Estos datos pueden ayudar en algo??

Los datos que me pasó Audifan del woofer son distintos a los medidos... Supongo que son los datos del woofer con el cono de papel.

Gracias!


----------



## aadf (May 26, 2017)

Hola,

Yo estoy armando un 3 vias, mismos modelos tuyos mas un medio de 5". Los valores que mediste son muy parecidos a los mios...

Ese chasquido yo no lo tengo.... probaste con otros parlantes a ver si no viene de la fuente?

saludos,
Andres.


----------



## sergiot (May 26, 2017)

Lo unico que puedo decir de los tonhale es sobre el rango medio, es muy bueno sin coloraciones extrañas que si notaba con otro rango medio sobre todo en las voces femeninas, en su momento habia hablado con Kluster sobre reempalzar los tweeter de ken brown los ht93 por los de ellos y me comenta que no lo justificaba ya que los tonhale eran copia de esos ken brown, él habia trabado en ken brown Argentina en los 70 y 80.

Antes de hacer nada en los bafles buscaría de llevarlos a otro lado y porbar con otra fuente de sonido, y sobre todo que la ecualización esté lo mas plana posible.

Como dato anecdotico, hace un tiempo compre unas columnas polkaudio, y en algunos pasajes de musica escucha un poco de eso que decis, pero no era que se ensuciaba el audio, sino mas bien que los tweeter sonaban como los de piezo cuando eran de domo, ante esto desarme el divisor y le cambie los cap electrolitos n/p del lado de los tweeter por unos cap de audio, no eran mundorf, eran claritycap o algo asi ingleses, sin esperar mucho por el cambio, la cosa me sorprendió, eso que se escuchaba habia desaparecido.


----------



## luis_e (May 26, 2017)

aadf dijo:


> Hola,
> 
> Yo estoy armando un 3 vias, mismos modelos tuyos mas un medio de 5". Los valores que mediste son muy parecidos a los mios...
> 
> ...



Hola, cada vez creo que lo mío es cuestión de sal.. jaja

Con estos ya voy probando distintas fuentes de audio y distintos amplificadores, con el mismo resultado. Me sorprende que en el estereo del auto no tengo este ruido (es un sony + unos pentaaxiales piooner), lo que estaba pensando es conectarlos al estereo y probar que pasa, luego al revés, conectar los parlantes del estereo al amplificador a ver si encuentro lo mismo. Mañana voy a hacer estas pruebas y comento que sucede.





sergiot dijo:


> Lo unico que puedo decir de los tonhale es sobre el rango medio, es muy bueno sin coloraciones extrañas que si notaba con otro rango medio sobre todo en las voces femeninas, en su momento habia hablado con Kluster sobre reempalzar los tweeter de ken brown los ht93 por los de ellos y me comenta que no lo justificaba ya que los tonhale eran copia de esos ken brown, él habia trabado en ken brown Argentina en los 70 y 80.
> 
> Antes de hacer nada en los bafles buscaría de llevarlos a otro lado y porbar con otra fuente de sonido, y sobre todo que la ecualización esté lo mas plana posible.
> 
> Como dato anecdotico, hace un tiempo compre unas columnas polkaudio, y en algunos pasajes de musica escucha un poco de eso que decis, pero no era que se ensuciaba el audio, sino mas bien que los tweeter sonaban como los de piezo cuando eran de domo, ante esto desarme el divisor y le cambie los cap electrolitos n/p del lado de los tweeter por unos cap de audio, no eran mundorf, eran claritycap o algo asi ingleses, sin esperar mucho por el cambio, la cosa me sorprendió, eso que se escuchaba habia desaparecido.

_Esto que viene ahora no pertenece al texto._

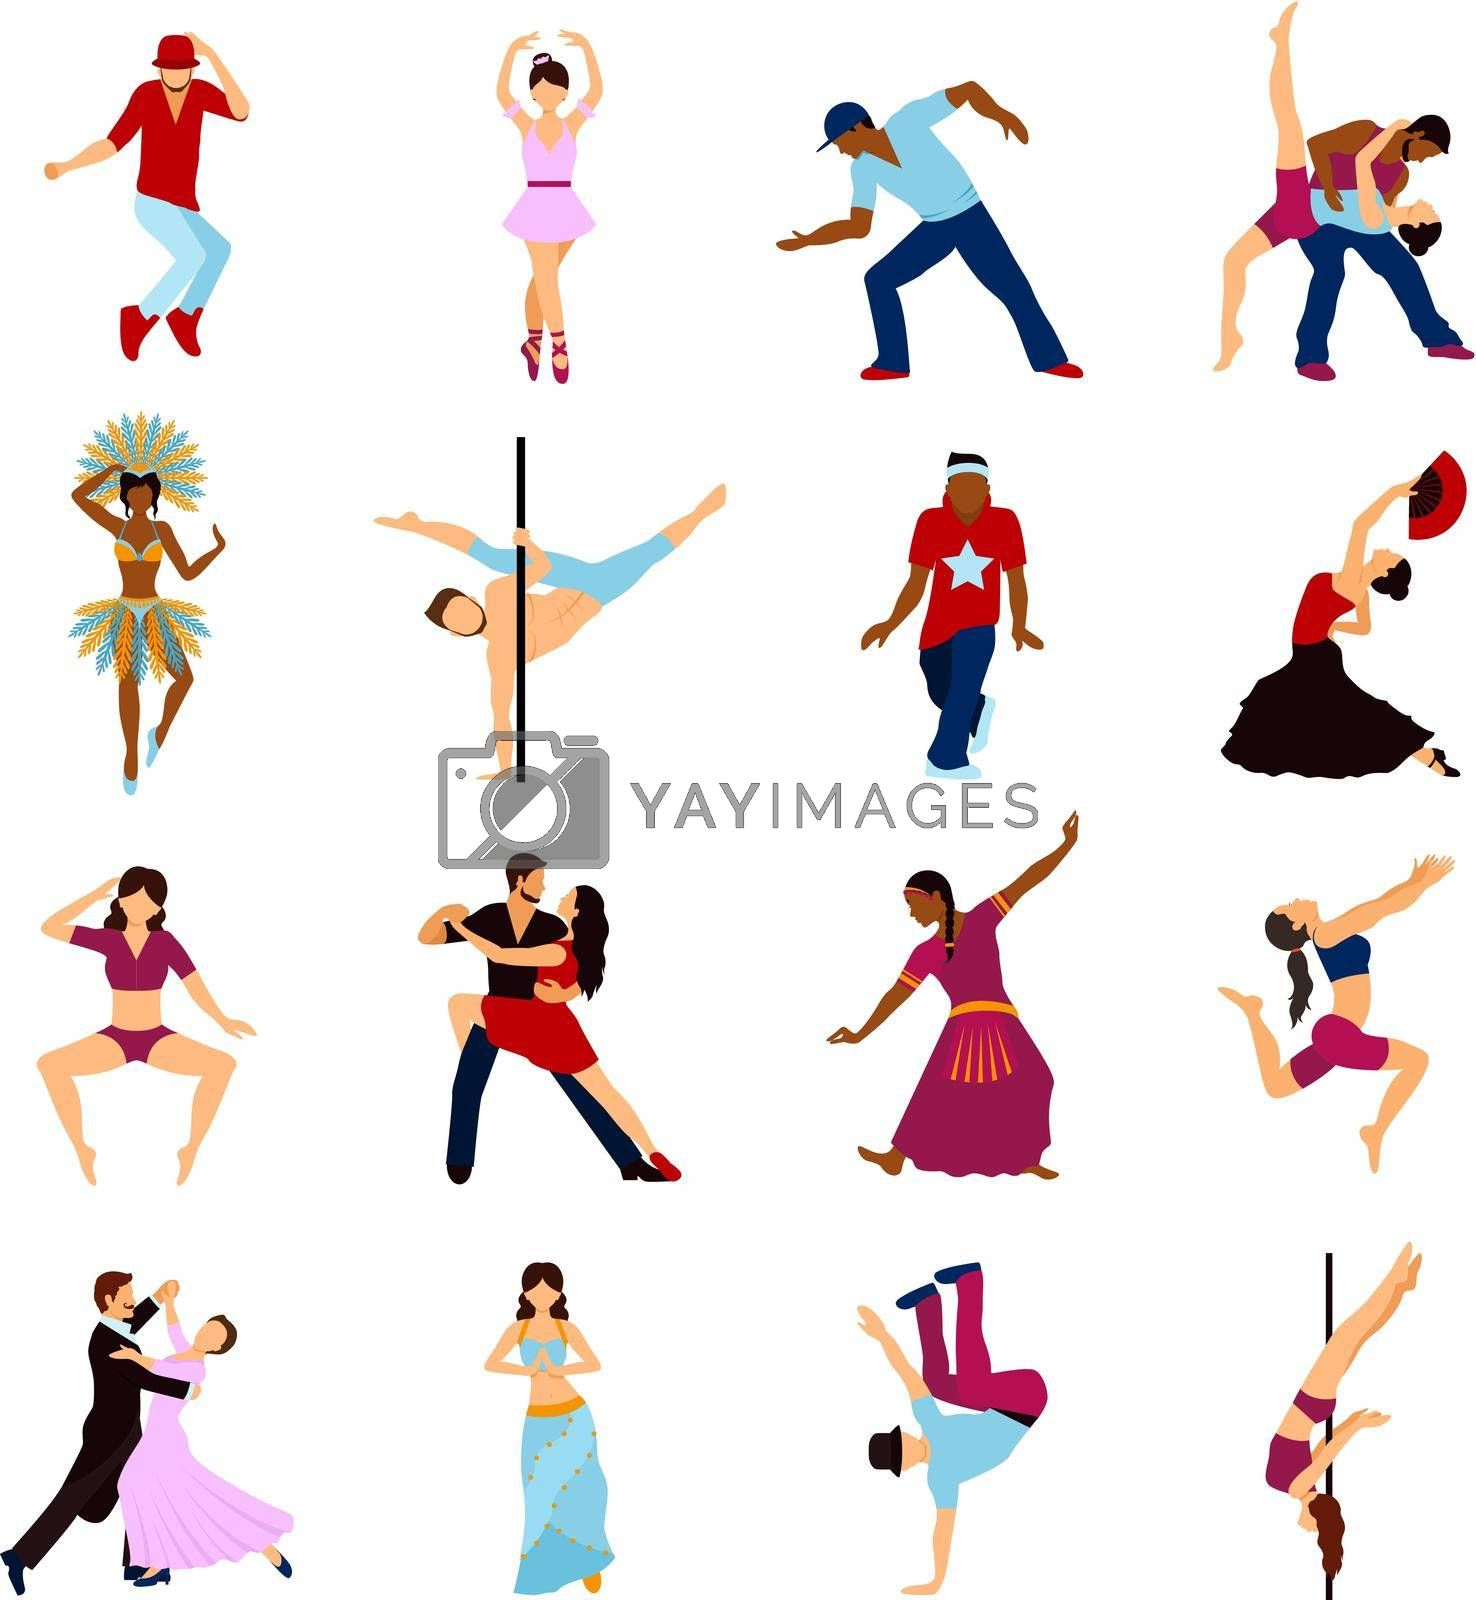 Royalty free image of People Dancing Set by mstjahanara

En mi caso es mi primer experiencia con esta marca, según leí en el foro son muy buenos parlantes según su precio, y vi varias opiniones como la tuya.

Eso voy a hacer, probar con otra fuente de audio y veo que pasa.

Estos tenían un capacitor de poliester de 2.2uf, los rojos comunes, a principio de año compré unos WIMA MKP10 de 2.2uf, y con mucha esperanza los cambié, pero sin resultados, o muy pocos. Según leí en una página, estos capacitores son lo mejor que se puede comprar dentro de lo comercial, ya después caes en específicos de audio con un costo mucho más alto.

Algo que noté, es que los tweeters suenan bastante más fuerte que los woofers, estaba pensando que tal vez el rango del tweeter está saturando el sonido y que con un atenuador tal vez se nivele y acomode un poco.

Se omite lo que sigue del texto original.